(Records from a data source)
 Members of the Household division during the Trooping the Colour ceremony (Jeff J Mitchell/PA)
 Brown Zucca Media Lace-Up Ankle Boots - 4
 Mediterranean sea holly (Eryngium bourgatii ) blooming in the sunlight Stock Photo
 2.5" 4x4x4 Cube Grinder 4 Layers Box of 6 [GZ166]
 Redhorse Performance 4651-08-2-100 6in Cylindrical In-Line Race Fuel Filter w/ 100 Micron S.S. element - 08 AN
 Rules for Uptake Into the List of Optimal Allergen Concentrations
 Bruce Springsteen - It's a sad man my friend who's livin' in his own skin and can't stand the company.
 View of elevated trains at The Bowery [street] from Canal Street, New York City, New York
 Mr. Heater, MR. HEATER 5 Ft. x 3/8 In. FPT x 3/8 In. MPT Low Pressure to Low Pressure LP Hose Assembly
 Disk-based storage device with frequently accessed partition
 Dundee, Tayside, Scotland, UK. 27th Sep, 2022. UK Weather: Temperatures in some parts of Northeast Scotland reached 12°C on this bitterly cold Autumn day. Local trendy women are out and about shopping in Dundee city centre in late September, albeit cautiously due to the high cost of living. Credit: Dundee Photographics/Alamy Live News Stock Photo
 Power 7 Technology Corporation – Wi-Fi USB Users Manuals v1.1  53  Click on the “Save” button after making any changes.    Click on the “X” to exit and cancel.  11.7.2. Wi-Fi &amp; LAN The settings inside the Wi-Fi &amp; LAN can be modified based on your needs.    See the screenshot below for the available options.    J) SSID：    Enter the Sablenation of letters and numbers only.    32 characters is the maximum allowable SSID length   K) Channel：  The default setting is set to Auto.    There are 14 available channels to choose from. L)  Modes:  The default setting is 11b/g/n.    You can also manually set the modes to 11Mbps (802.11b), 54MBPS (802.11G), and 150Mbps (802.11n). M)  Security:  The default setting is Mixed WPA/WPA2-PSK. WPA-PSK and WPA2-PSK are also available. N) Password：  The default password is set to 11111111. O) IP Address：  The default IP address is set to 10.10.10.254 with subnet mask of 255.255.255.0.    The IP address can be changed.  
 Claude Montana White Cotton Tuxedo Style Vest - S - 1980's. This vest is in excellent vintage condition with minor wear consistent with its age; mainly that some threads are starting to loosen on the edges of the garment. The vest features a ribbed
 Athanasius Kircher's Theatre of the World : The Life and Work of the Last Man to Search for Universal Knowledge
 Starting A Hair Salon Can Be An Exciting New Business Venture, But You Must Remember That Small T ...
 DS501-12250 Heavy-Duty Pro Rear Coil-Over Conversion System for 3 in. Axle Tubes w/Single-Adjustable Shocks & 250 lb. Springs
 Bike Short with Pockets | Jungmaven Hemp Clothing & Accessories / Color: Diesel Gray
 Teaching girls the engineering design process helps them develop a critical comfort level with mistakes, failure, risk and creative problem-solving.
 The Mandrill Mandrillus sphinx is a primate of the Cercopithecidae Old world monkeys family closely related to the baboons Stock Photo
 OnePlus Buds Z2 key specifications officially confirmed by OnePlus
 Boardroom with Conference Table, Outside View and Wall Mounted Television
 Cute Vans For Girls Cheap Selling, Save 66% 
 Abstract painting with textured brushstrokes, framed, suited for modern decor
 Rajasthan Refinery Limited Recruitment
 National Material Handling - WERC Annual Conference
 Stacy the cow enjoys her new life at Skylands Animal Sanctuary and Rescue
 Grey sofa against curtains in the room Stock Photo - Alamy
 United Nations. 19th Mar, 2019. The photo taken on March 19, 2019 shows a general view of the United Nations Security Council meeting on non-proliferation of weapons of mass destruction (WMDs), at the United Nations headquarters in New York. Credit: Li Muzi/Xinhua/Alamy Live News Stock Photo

● Task instructions: Please copy, exactly and with nothing else, the lines above beginning at the line that has "Teaching girls the" and ending with the line that has "The Mandrill Mandrillus".

● Answer section:
 Teaching girls the engineering design process helps them develop a critical comfort level with mistakes, failure, risk and creative problem-solving.
 The Mandrill Mandrillus sphinx is a primate of the Cercopithecidae Old world monkeys family closely related to the baboons Stock Photo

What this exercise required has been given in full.